That is surprising.let me explain why this topic is too general and how, why we need to split things up. the domain expert is. incredibly important, especially once we start getting into a place where we are also generating the question answers. Like for the first half, like the first one or two months of this engagement, we don't even think about the synthesis prompt.

We're just trying to figure out like what regions of the problem space should we be, committing resources to. Then the second step is actually doing this synthetic data generation, where for the data that we have right now, can we generate questions? And can we at least make sure that for data that we generate questions for, that the questions return the data, right?

And there, again, the domain expert is incredibly valuable because [00:24:00] they're the ones that are helping guide whether or not the synthetic data makes sense, and whether or not the evaluations and the clusters that we find are also reasonable. and usually they are, but sometimes they'll just come back to you and say, Hey, like these types of scheduling questions are not the priority of the business because these are things that we have other software for.

And. you think you're going to be clever by building some knowledge graph over like schedules and dates, but really, you should just pop up a model that says like for first scheduling questions, you should, check out this other part of the app.

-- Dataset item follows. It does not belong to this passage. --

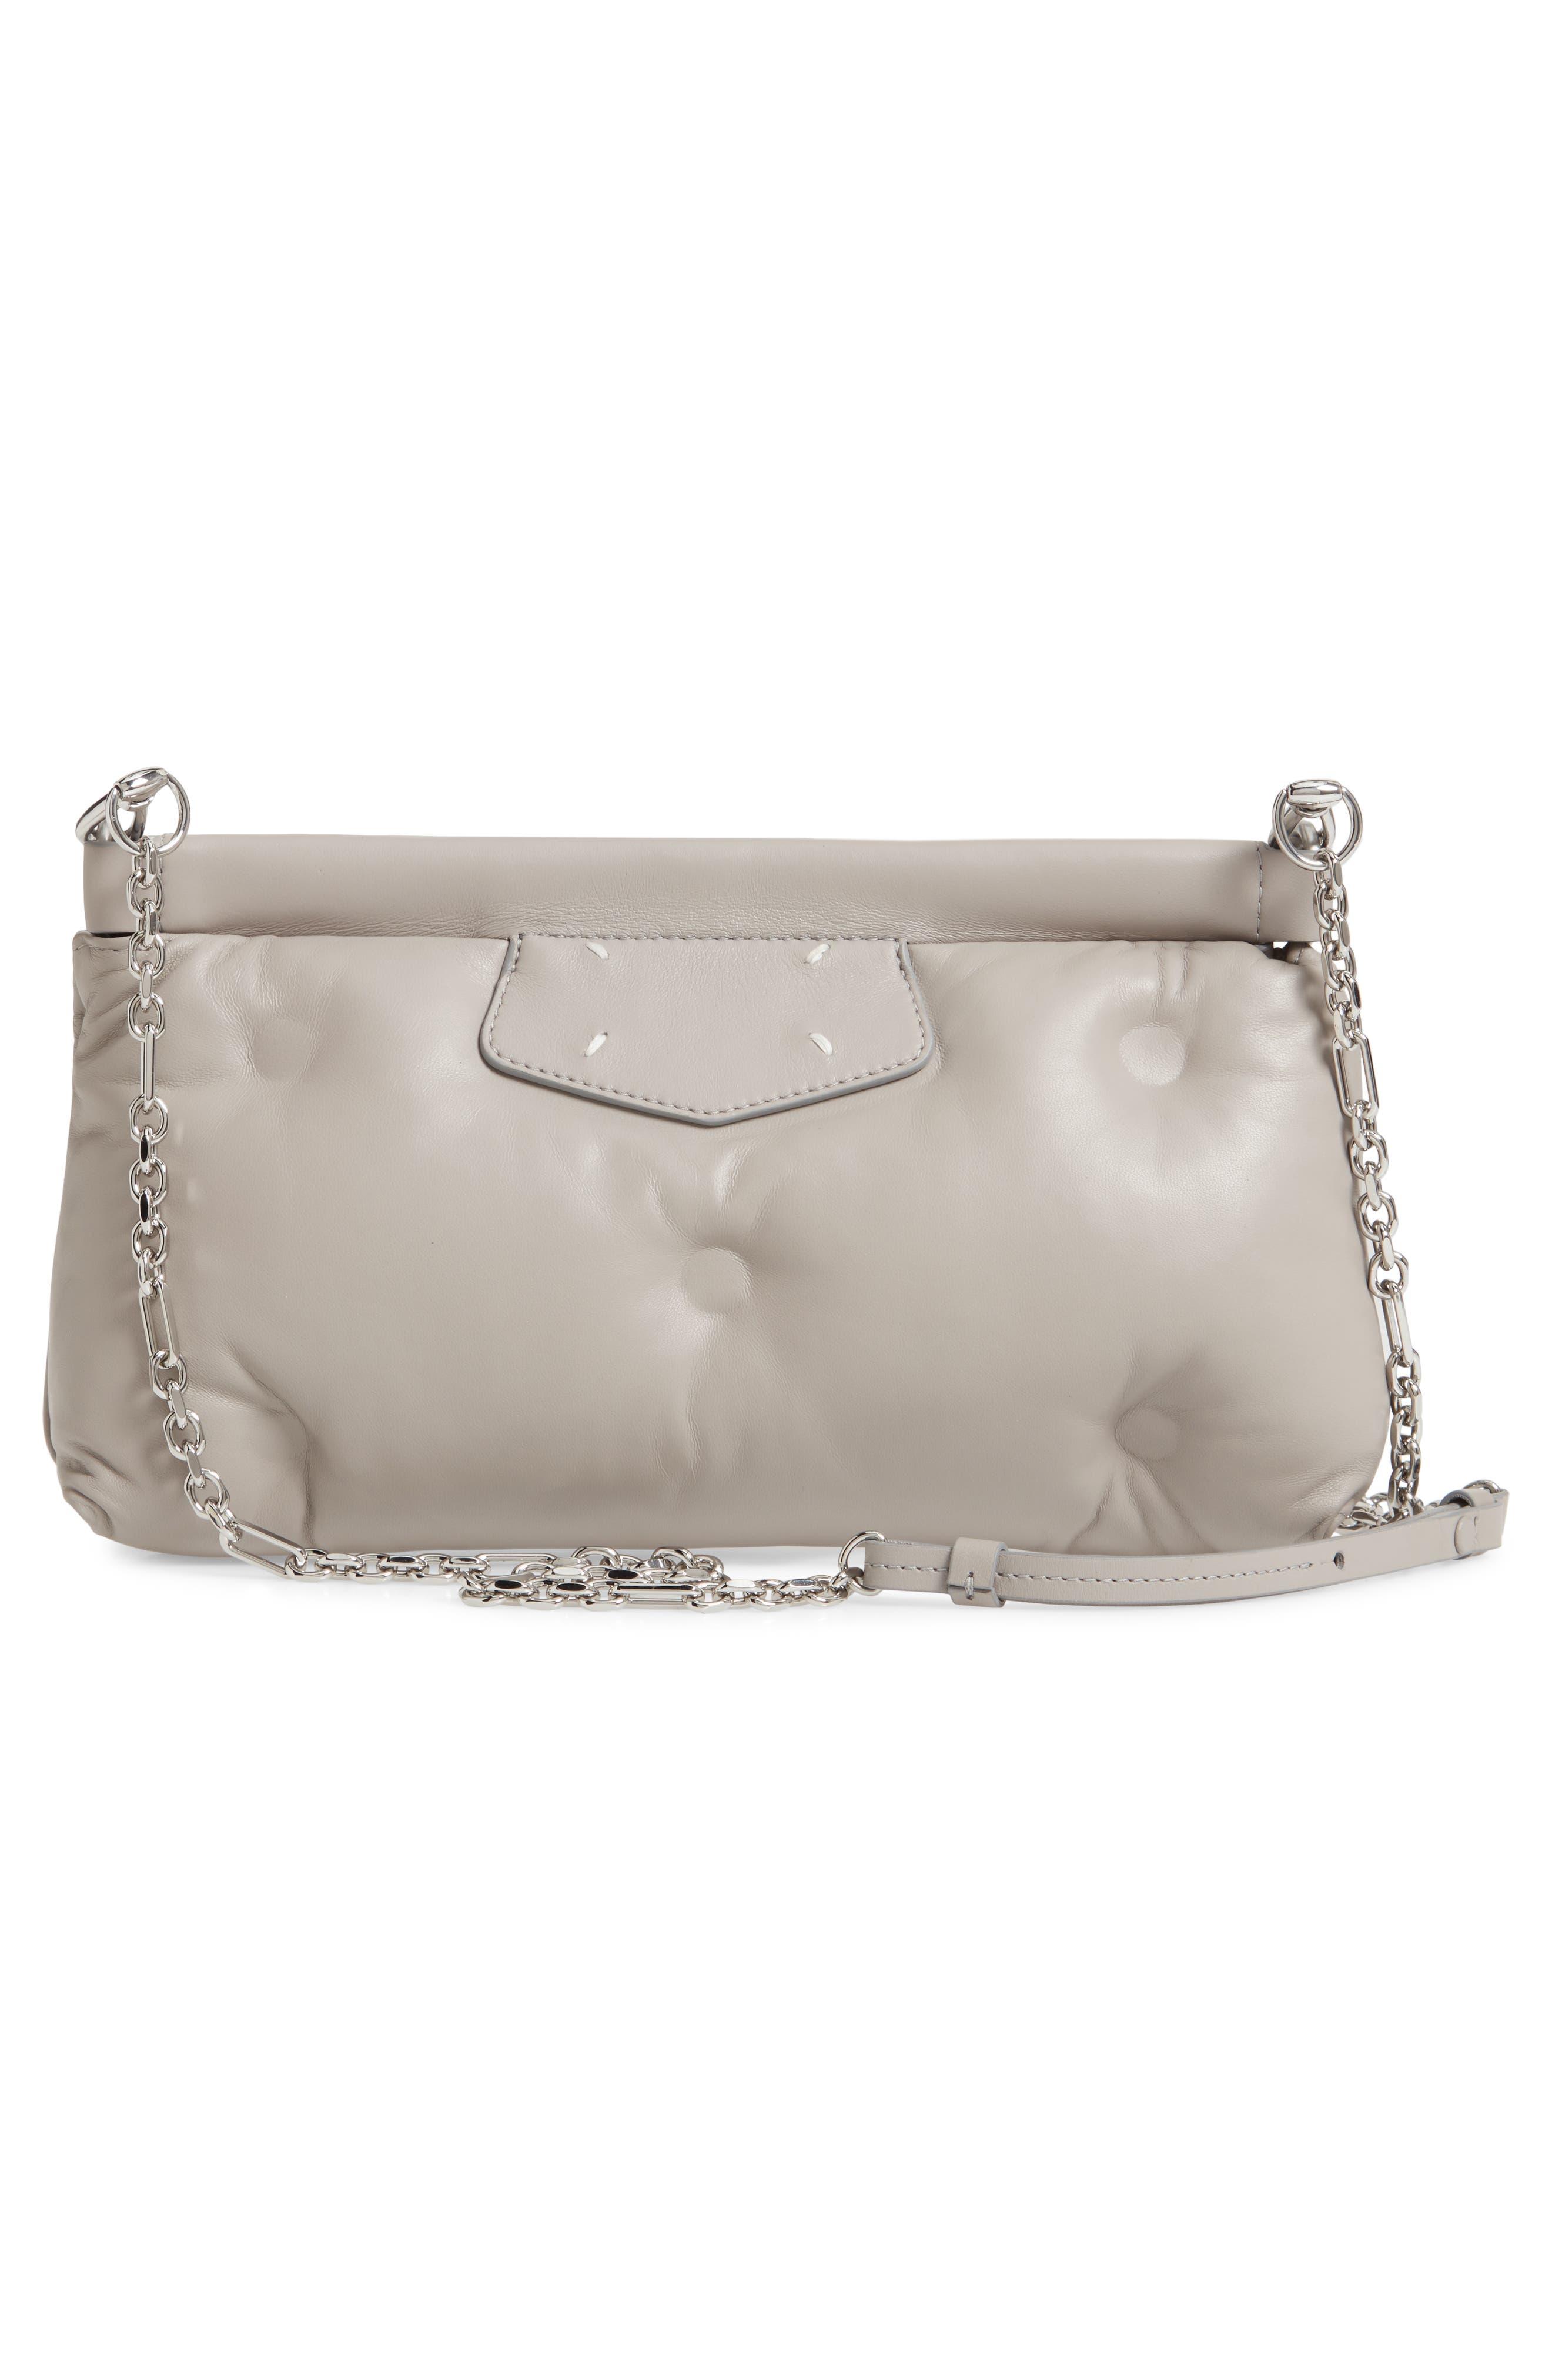 Maison Margiela Clutch Glam Slam Plush Leather Clutch

hugo: Um,I want to go back to what we had, the conversation we planned to have, but there are so many interesting questions in the chat. And there's one that I think is nice to, forgive the pun, zoom in on. and it's asked by someone whose handle on YouTube is chat quest, the NLP three adventure game.

So I really just wanted to say that as well. But chat quest asks, how, for example, could this, zoom on YouTube be qualified and quantified in an executive summary report?

jason: Yeah. So if we [00:25:00] just generated a very general summary, what would come out of that? the result just might be, there are two people, one of them is a consultant. And this call is about,the importance of AI in businesses. But if you knew this was an advisory call, we could do something else.

We could say, okay, what are the pieces of advice that the people in this conversation have given and for each one and generate a short memo or description of what the problem is, and then give me the timestamps of when they give this conversation. If you give that prompt, what might come out of it is a single page where we just go over this runbook, where we go over this idea of, finding these topics.

And,doing this clustering, finding the coherent distances and et cetera. And that's because we know ahead of time that we are looking for recommendations. And we were looking to generate memos from these recommendations. If you do a general summary, maybe the thing it picks up on is my, bio, Which is useful if you want to understand if you're trying to source people to go on other podcasts, but then again, that becomes a different [00:26:00] tool. And so what parts of the transcript you focus on really depend on what your use cases are. And again, that comes with,having to know that a priori.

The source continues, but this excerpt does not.